I touched base last week with Anna Sidorova, the marketing chief at ABBYY Language Services, about SmartCAT. I've written in length here about SmartCAT before (see edition 240 of the Tool Box Journal) and in a review in MultiLingual (if you want to subscribe for free to the digital edition for the next six months, go here and enter the code that you'll find on that page -- you're welcome!), so I don't have to go through the whole rundown of what it actually is and what its features are again. Instead, I would like to reflect on where (I think) SmartCAT stands after some time on the market, what that means for all of us, and then look at some of the new features.

I have spoken rather highly about SmartCAT (and still do). It's a well-designed cloud- and browser-based translation environment tool with an impressive feature set and a virtually unbeatable price tag for freelance translators -- free (unless you want to use machine translation and PDF conversions, for which you'll have to pay after 100 free pages).

Based on that and some (almost) unique features -- such as the OCR conversion of image-based PDFs and graphic files into readable text -- I had the sense that SmartCAT could become a real game changer. The numbers that ABBYY prides itself on (more than 40,000 registered users and 5,000 to 7,000 users on a daily basis) sound impressive but, to be honest, I haven't seen much of that in my conversations with other translators or LSPs. Now, this doesn't mean that the numbers are not correct -- I'm sure they're accurate -- but the world of translation is complex and multi-faceted. Anyway, from my perspective SmartCAT has so far not been the game changer I'd hoped it would be, though that could certainly still change.

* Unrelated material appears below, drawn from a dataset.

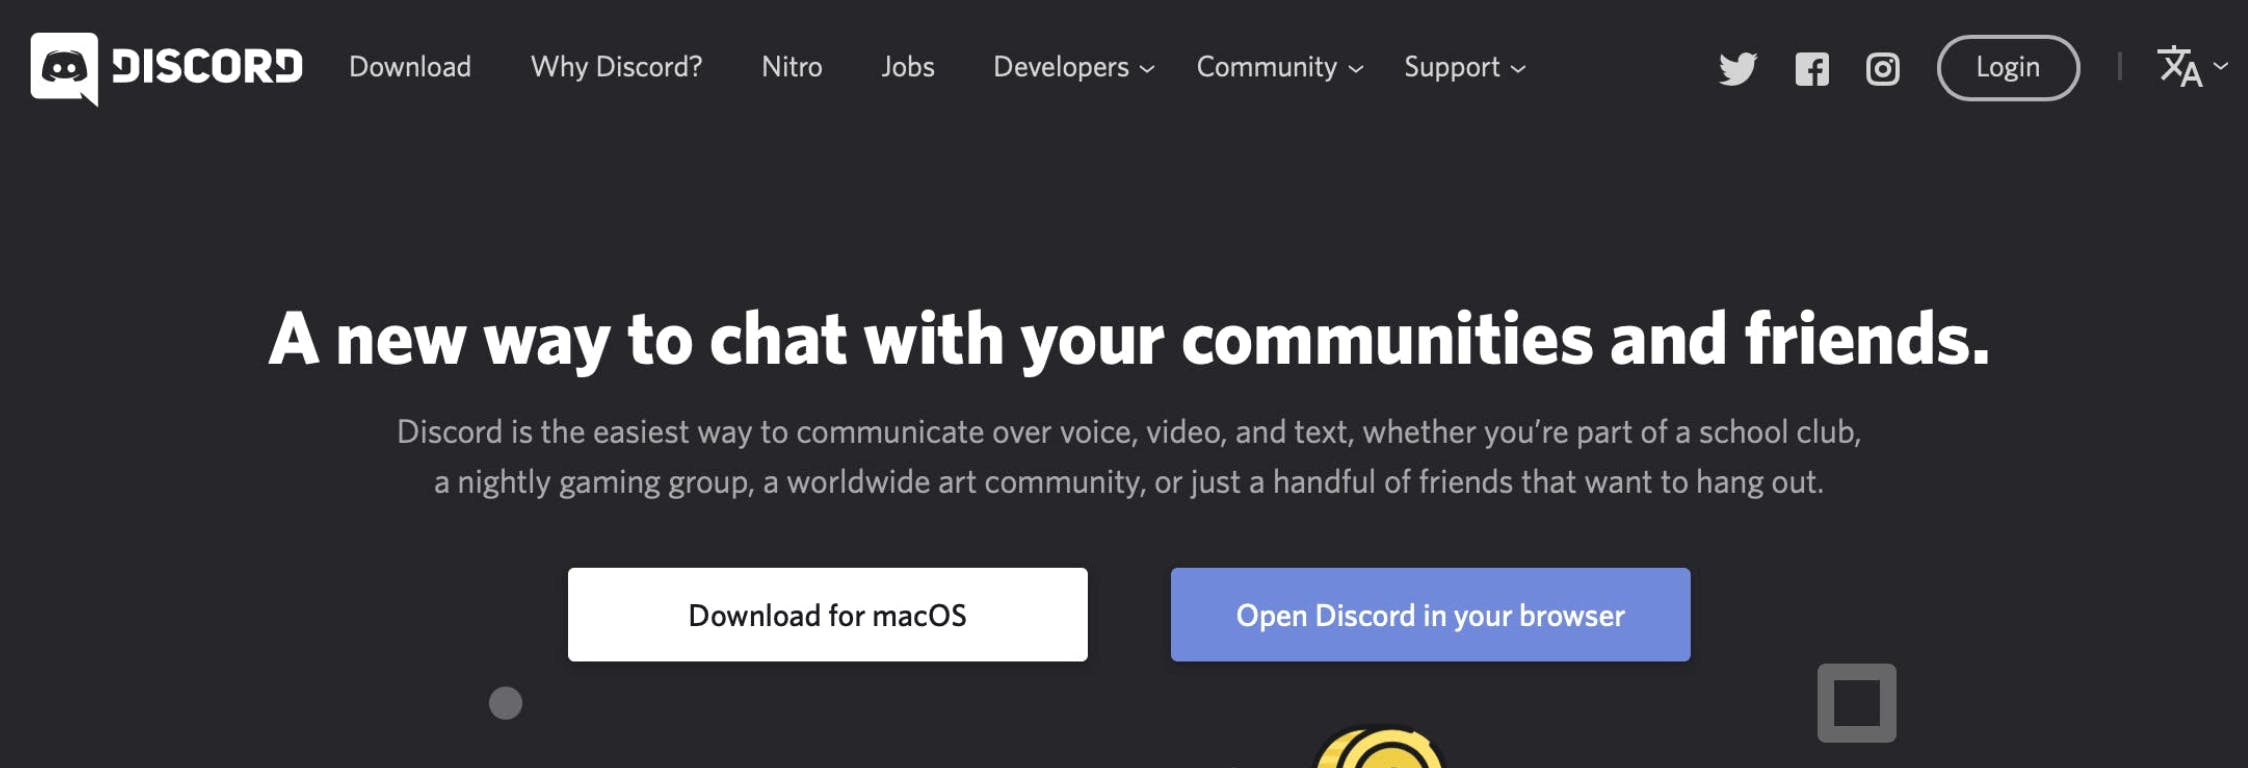 Discord App homepage

At this time, ABBYY is still looking for better ways to monetize SmartCAT, and that brings us to some interesting considerations. As I said, freelancers have to pay only for specific services -- and, according to Anna, these payments are essentially only covering costs. LSP clients can buy licenses for project managers, but ABBYY is looking at other ways to make money as well. To that end, ABBYY has been actively building up a marketplace that contains thousands of translator profiles.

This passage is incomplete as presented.